There are multiple ways to measure which words (or bigrams, or other units of text) are important in a text. You can count words, or [measure tf-idf](https://www.tidytextmining.com/tfidf.html). This package implements a different approach for measuring which words are important to a text, a **weighted log odds**.
A log odds ratio is a way of expressing probabilities, and we can weight a log odds ratio so that our implementation does a better job dealing with different combinations of words and documents having different counts. In particular, we use the method outlined in [Monroe, Colaresi, and Quinn (2008)](https://doi.org/10.1093/pan/mpn018) to weight the log odds ratio by an uninformative Dirichlet prior.
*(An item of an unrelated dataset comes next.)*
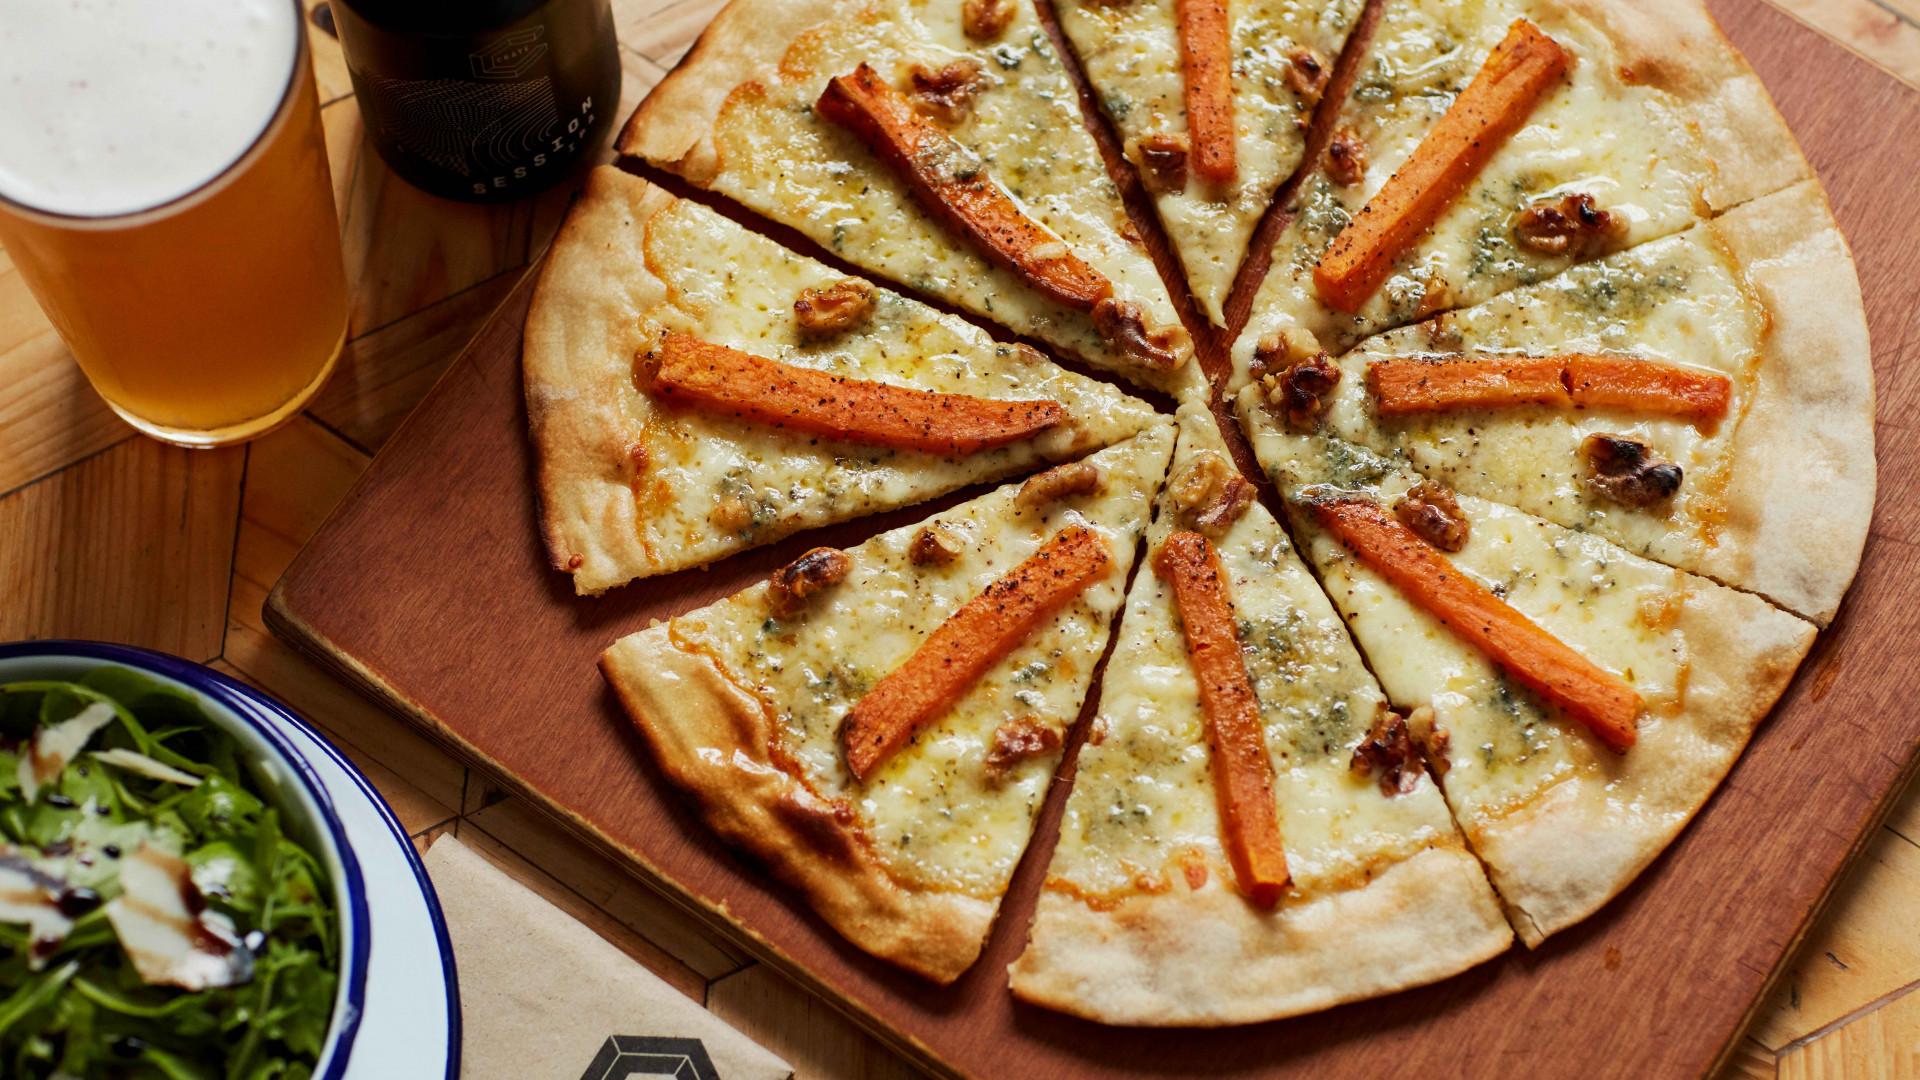 Crate's sweet potato, stilton and walnuts pizza
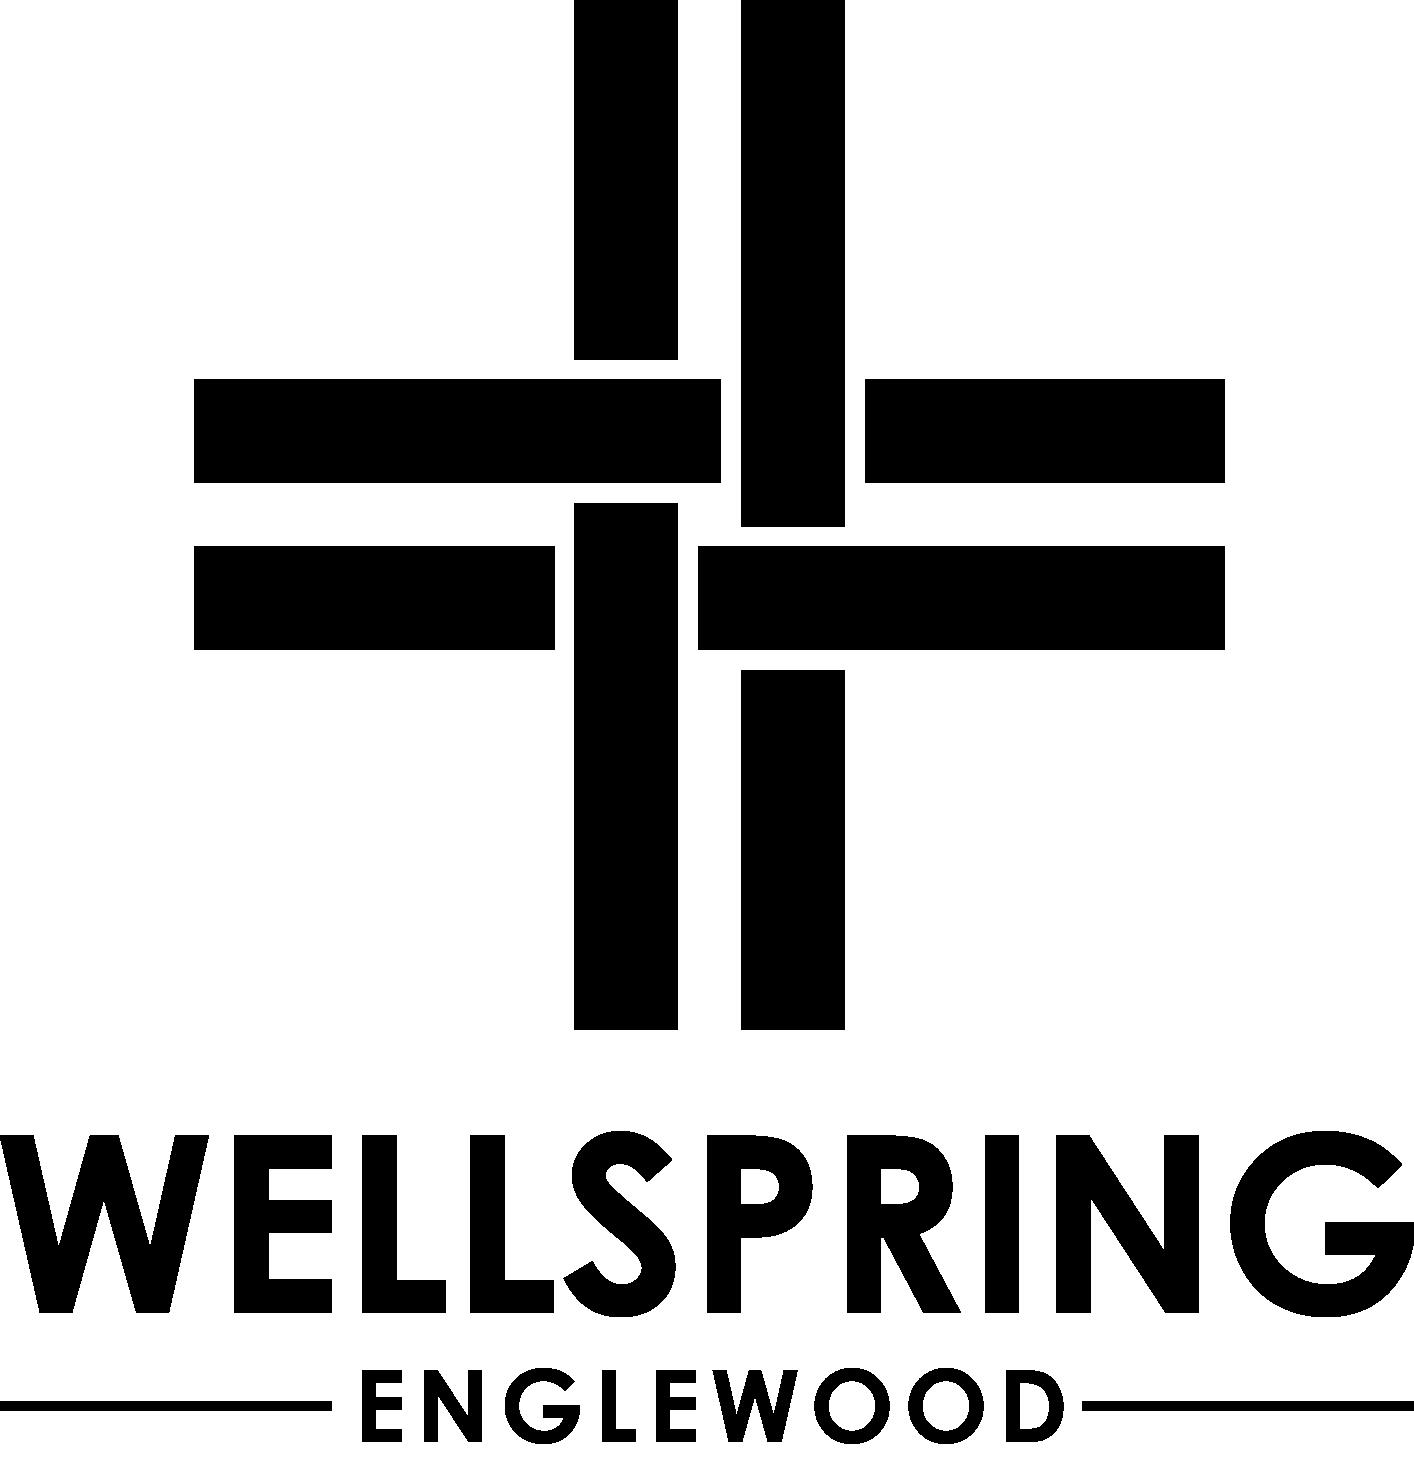 logoenglewoodstackedblackmedium.png

What does this mean? It means that by weighting in this way, we take into account the sampling error in our measurements and acknowledge that we are more certain when we've counted something a lot of times and less certain when we've counted something only a few times. When weighting by a prior in this way, we focus on differences that are more likely to be real, given the evidence that we have.
Let's look at just such an example.
## Jane Austen and bigrams
Let's explore the [six published, completed novels of Jane Austen](https://github.com/juliasilge/janeaustenr) and use the [tidytext](https://github.com/juliasilge/tidytext) package to count up the bigrams (sequences of two adjacent words) in each novel, focusing on bigrams that include *no upper case letters*. (We can look at differences other than those involving proper nouns this way.) This weighted log odds approach would work equally well for single words, or other kinds of n-grams.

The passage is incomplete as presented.